A new architecture book lifts the lid on Prime Minister Edi Rama’s personal role in bringing world-renowned architects to Albania, inadvertently fuelling discontent over what critics say is an informal form of governance that puts little stock in rules or transparency.
Chermayeff’s story is one of 60 contributions to the recently published The Albanian Files, edited by Anneke Abhelakh and published by Swiss-based Lars Müller Publishers as a look at the “ongoing renewal” of Albania that has placed architecture “at the center of national discourse and created a specific opportunity for architects”.
Featuring a foreword by Albanian Prime Minister Edi Rama, the book offers a rare glimpse into how multi-million-euro development projects were commissioned directly through the prime minister, Roka, and informal networks acting on behalf of private clients.
The book has been seized upon by protesters who have been taking to the streets of Tirana for over a month, spurred at first by anger over a luxury resort development linked to Donald Trump’s son-in-law, Jared Kushner, in a protected lagoon region, but driven on by long-standing grievances over how Albania has been run since the fall of communism in the early 1990s.
Writer and critic Fatos Lubonja, a long-time critic of Rama’s efforts to redraw the Tirana skyline with high-rise developments, said the material contained in The Albanian Files “warrants an investigation”.
Neither Rama, Roka nor the book’s editor, Abhelakh, responded to requests for comment.
‘Five minutes later, the Prime Minister contacted me’
For the past decade, Tirana has been subjected to an aggressive expansion drive, with permits issued for huge towers and sprawling complexes in the name of the 2016 TR030 General Local Plan. Drawn up by the studio of Italian architect Stefano Boeri, the plan envisaged an expansion of the capital’s population by at least 200,000 within 15 years.
Instead, the 2023 census registered a little over 590,000 residents, around 375,000 fewer than the figure cited in the city’s own urban plan for 2013. According to the population count, there were 52,000 unoccupied housing units in the city.
The reality of a shrinking capital has done little to slow the construction boom. In that time, Tirana became a veritable El Dorado for foreign architects.
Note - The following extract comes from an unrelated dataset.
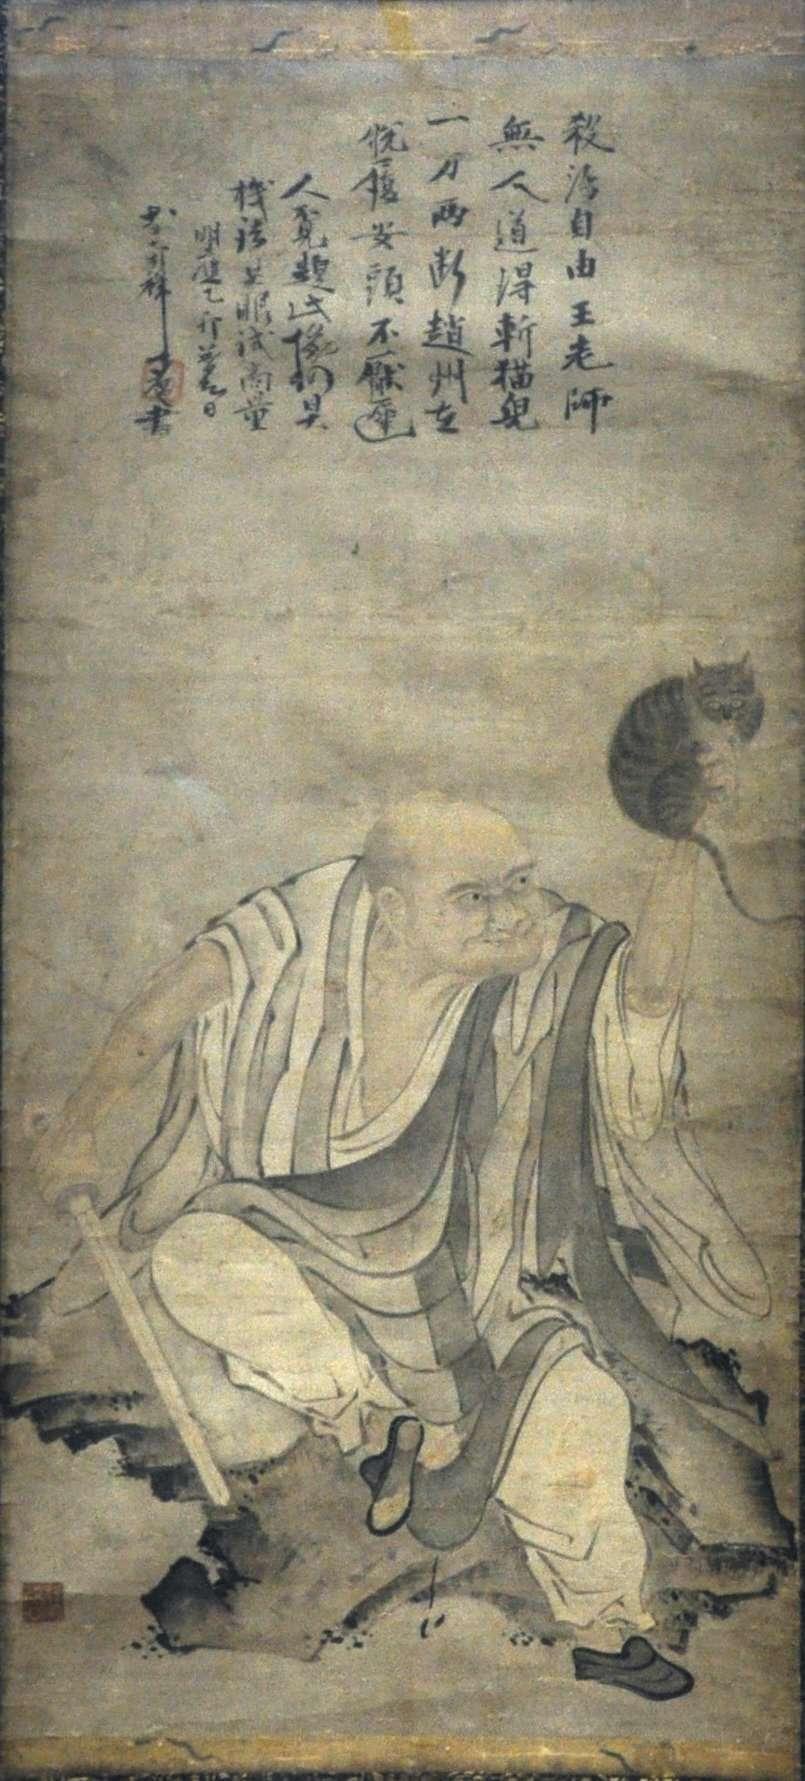 Charlas, preguntas y respuestas de Zhaozhou [Jōshū] · Parte 1

The accounts contained in The Albanian Files suggest many have been directly engaged by Rama, who has hailed Albania’s “architectural renaissance”.
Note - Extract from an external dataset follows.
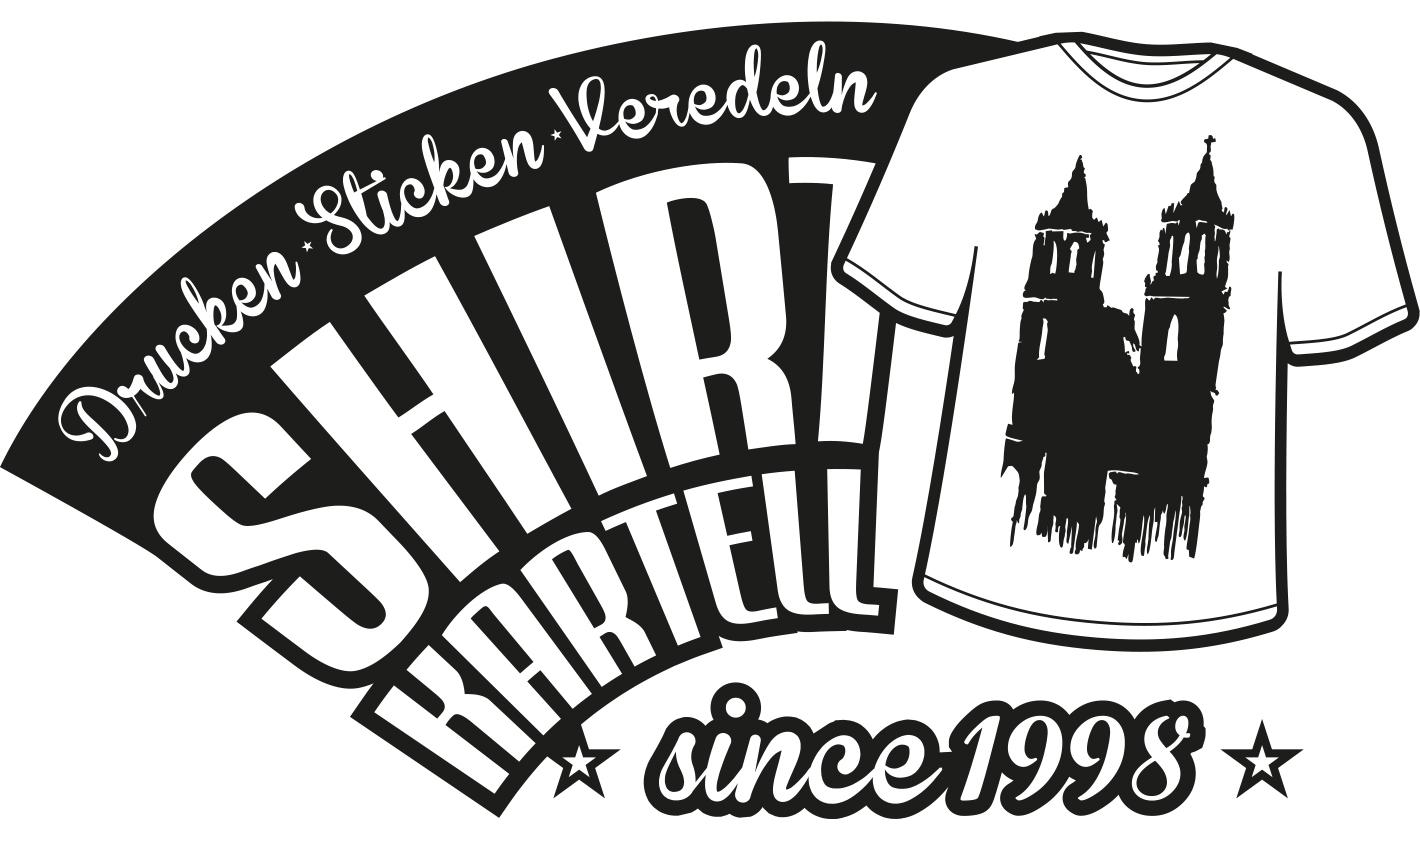 SHIRTKARTELL

The book features around 520 projects designed by 60 international architecture studios, beginning in the mid-200s, when Rama was mayor of Tirana. The increased exponentially in both scale and volume after 2020, during Rama’s third term as prime minister.
Some of the architects featured in the book describe their experience in Albania with striking candour: Austrian architect Chris Precht, for example, writes about being contacted by Rama on Instagram.
Precht’s studio has designed several large-scale developments in Tirana and elsewhere in the country, including the ‘Eden’ project, a structure built within the courtyard of the prime minister’s office.
Chilean architect Alejandro Aravena also writes about being invited by Rama personally, after a Spanish architecture colleague asked whether she could share Aravena’s contract with the Albanian premier.
“I said: ‘Of course.’ Five minutes later, the Prime Minister contacted me, asking if I could come to Tirana to discuss a potential project,” Aravena writes. His studio, Elemental, is behind a 300-metre tower project that would be the tallest structure in the capital.
German architecture studio BOLLES+WILSON has been working in Tirana since Rama’s tenure as mayor.
According to the book, Rama introduced the studio to an Albanian investor. The project that followed involved the redesign of the façade of an under-construction tower which, according to the studio’s account in the book, “had not met the mayor’s expectations”.
Taken individually, such accounts may be read as proof of Rama’s enthusiasm for high-quality architecture.
Taken together, however, they point to a more problematic pattern, in which foreign architects enter the Albanian market not through open competition but thanks to a network in which Rama and the institutions he holds sway over act as initiators, facilitators or intermediaries.
In this sense, says Lubonja, The Albanian Files is not merely a book about architecture, but a political document and the potential basis for further investigation.
Lubonja argues that Tirana’s construction boom must be looked at in the context of private interests, legal changes introduced on their behalf, and frequent allegations of criminal funding behind the construction.
According to him, the contents of the The Albanian Files suggest that some of these projects – including the proposed five-star resort linked to Kushner – were already planned before changes to legislation on protected areas were introduced.
“These projects were planned before the law was changed; the businessmen knew this, and this is proof of state capture,” he said.
Redi Muci, a member of parliament for the opposition Movement Together party, also read the book as evidence of an informal mode of governance, in which institutions do not control the process but serve to rubberstamp it.
“It is a kind of demonstration of the grandiose delusion of a prime minister who considers himself above the law,” Muci told BIRN.
“Institutions are there to certify informal agreements,” he said, while accusing Rama of acting as a broker and the foreign architecture studios of having found in Albania a place “where they can unleash their imagination, bypassing every urban planning norm”.